The task:
When you reach the line with "Champagne Charlot Tanneux" in the records below, begin transcribing exactly and continue up to and including the line with "Слава советской молодежи", leaving out every picture.

Material for this exercise:
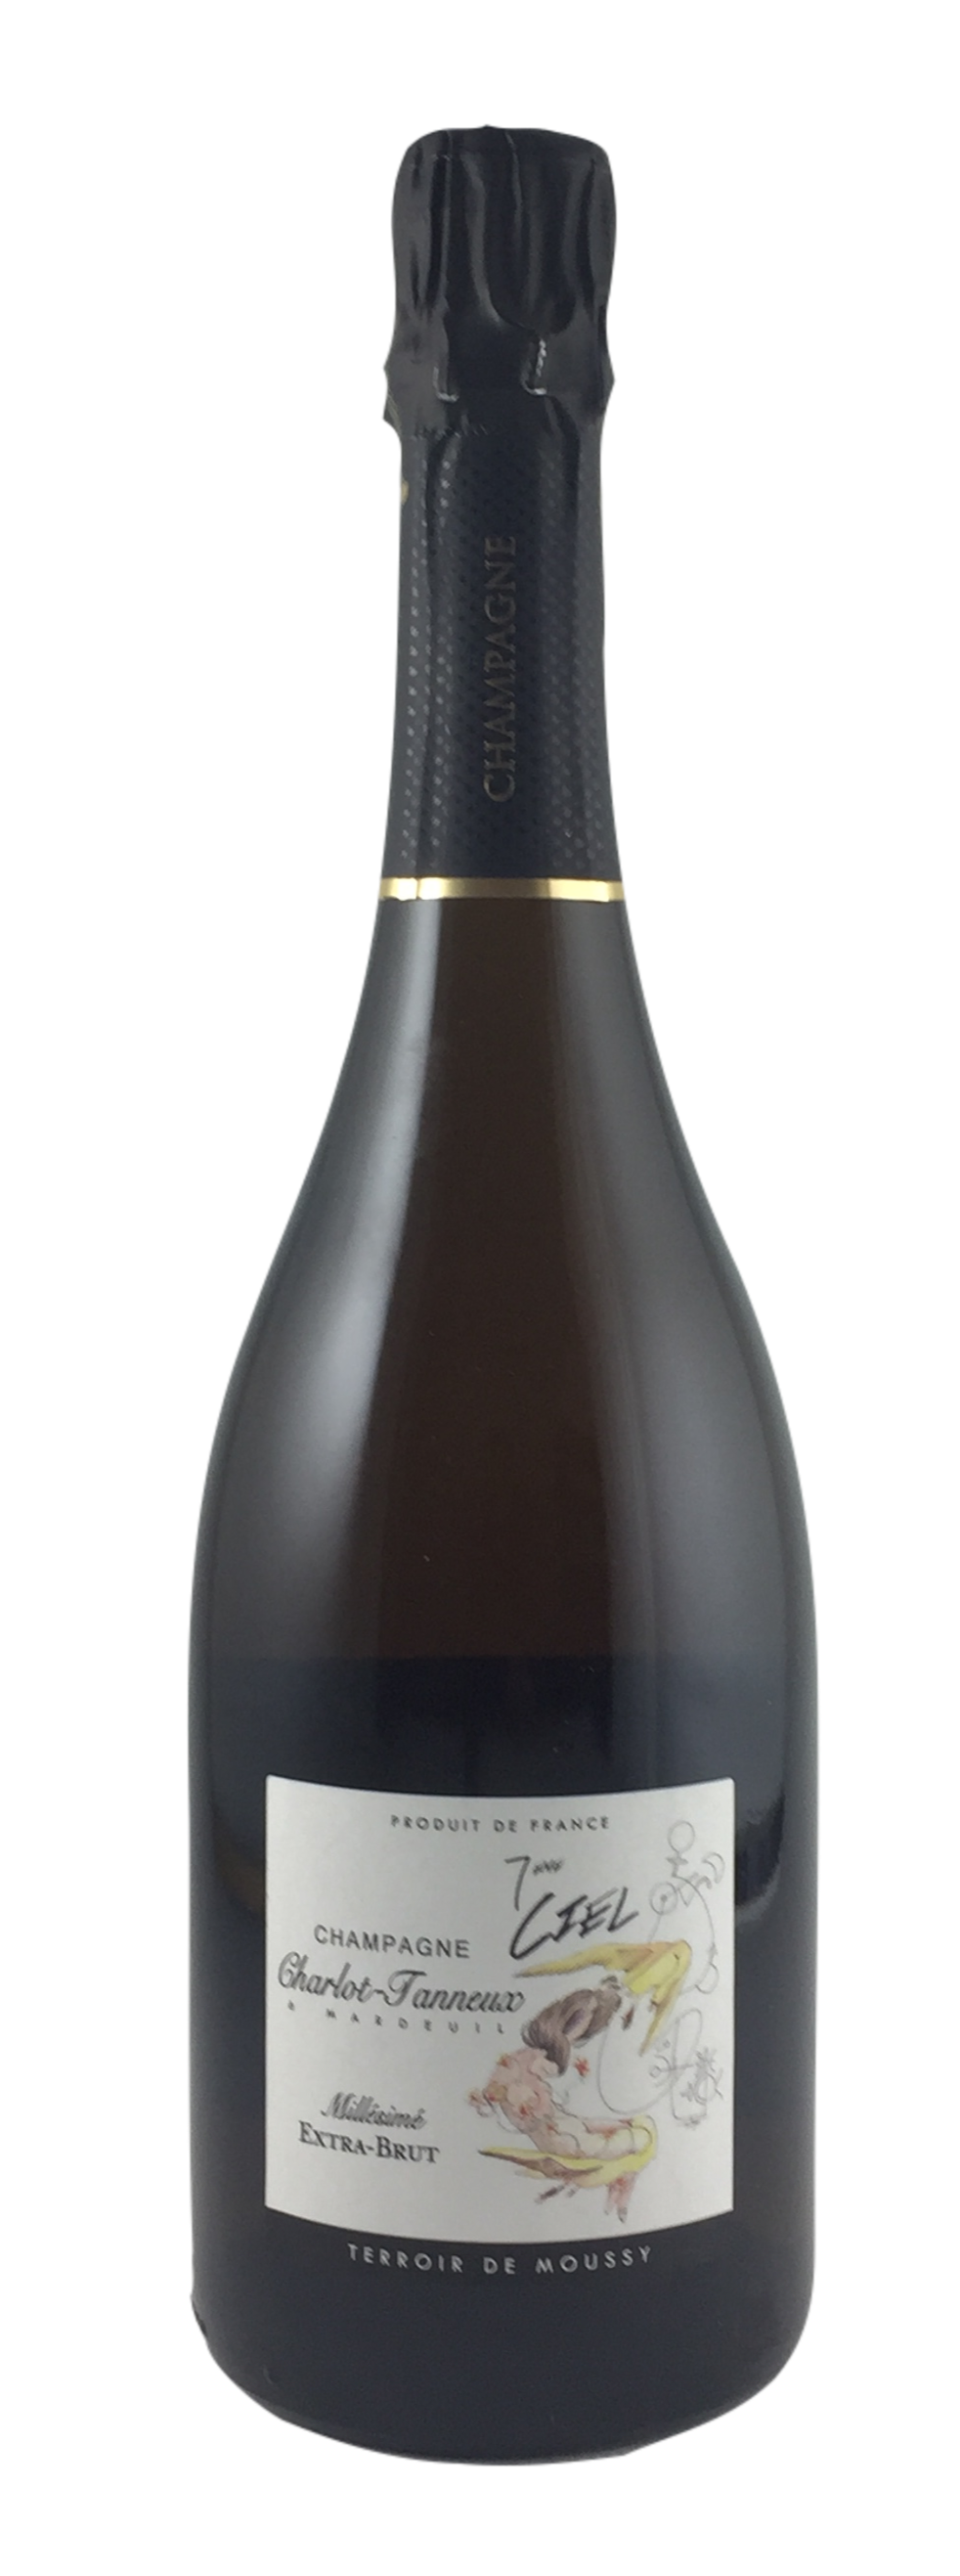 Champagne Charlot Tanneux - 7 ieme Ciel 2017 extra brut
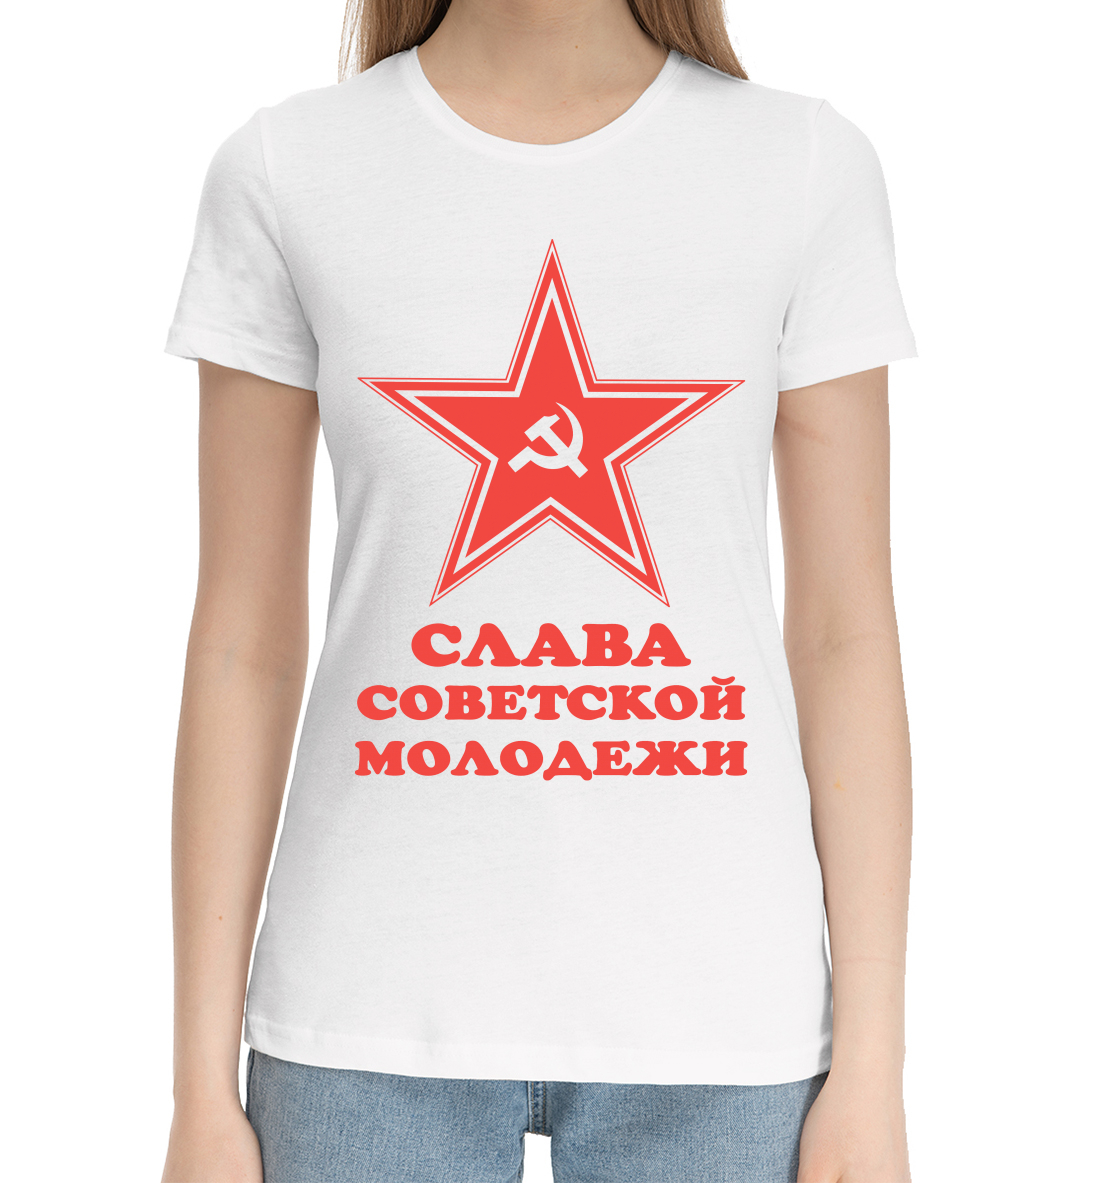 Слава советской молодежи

...

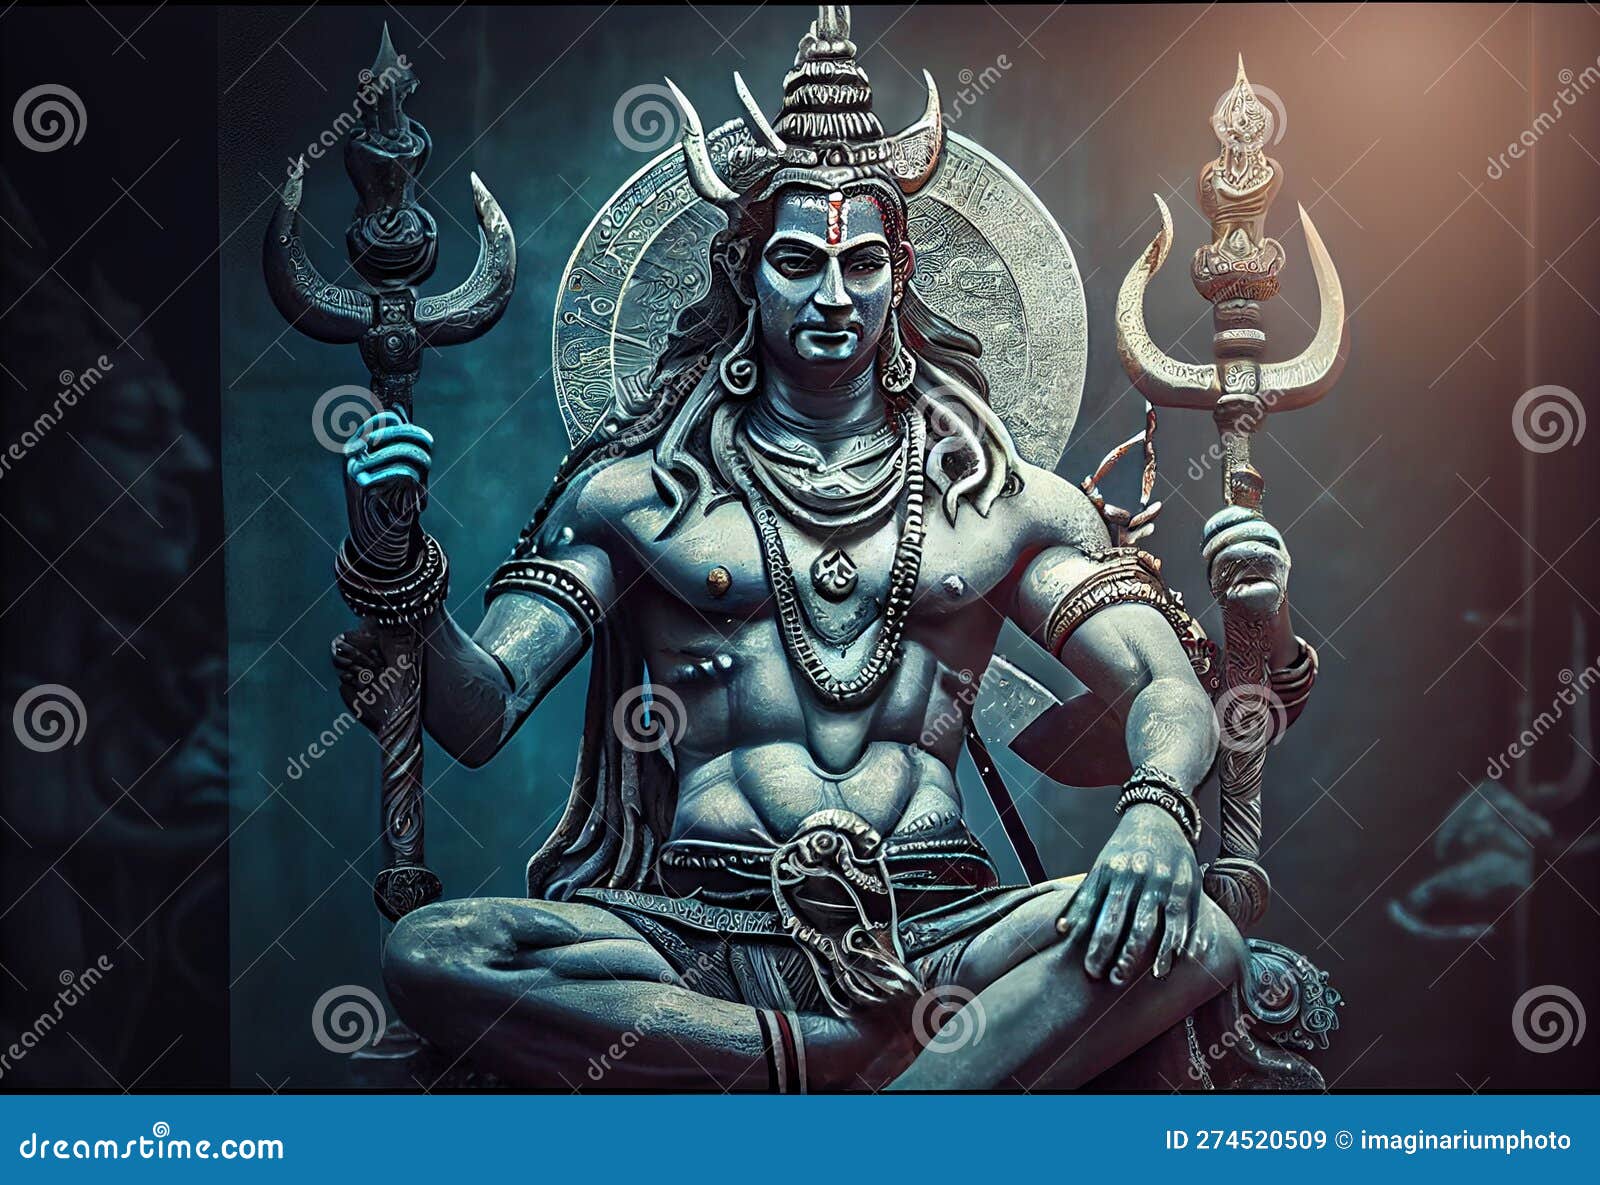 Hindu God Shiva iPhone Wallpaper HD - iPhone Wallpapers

--

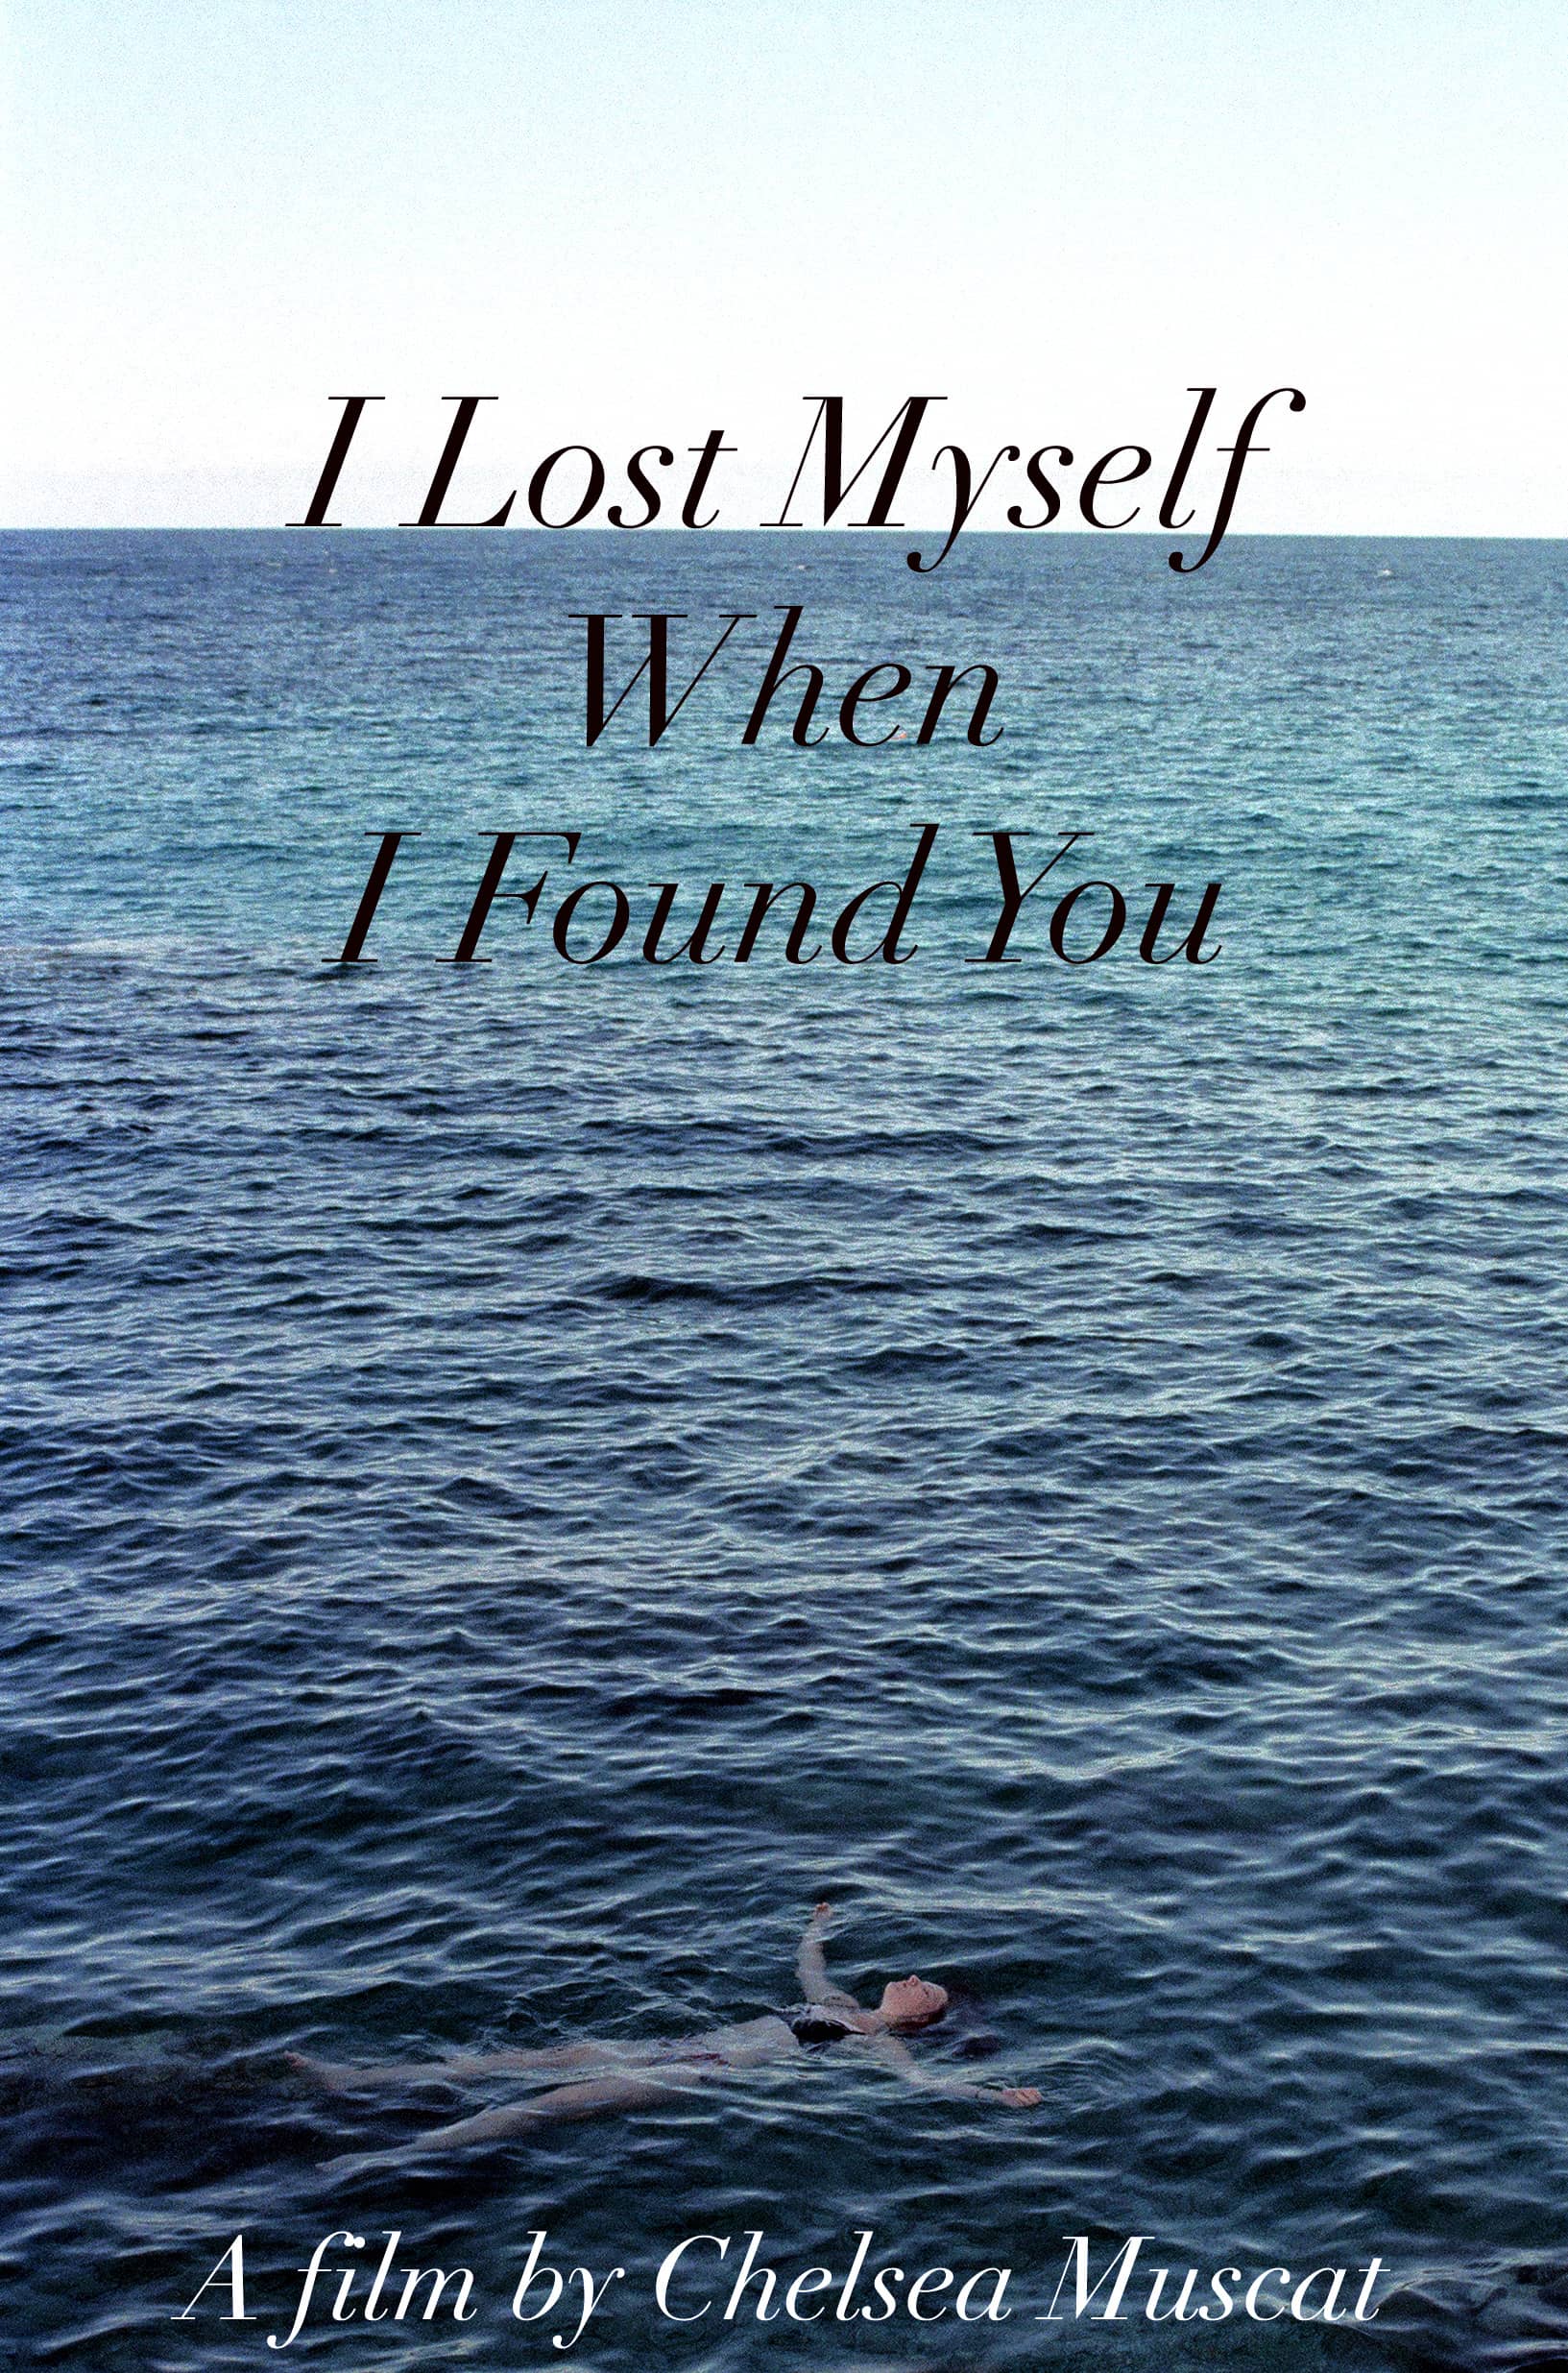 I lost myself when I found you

Solution below:
 Champagne Charlot Tanneux - 7 ieme Ciel 2017 extra brut
 Слава советской молодежи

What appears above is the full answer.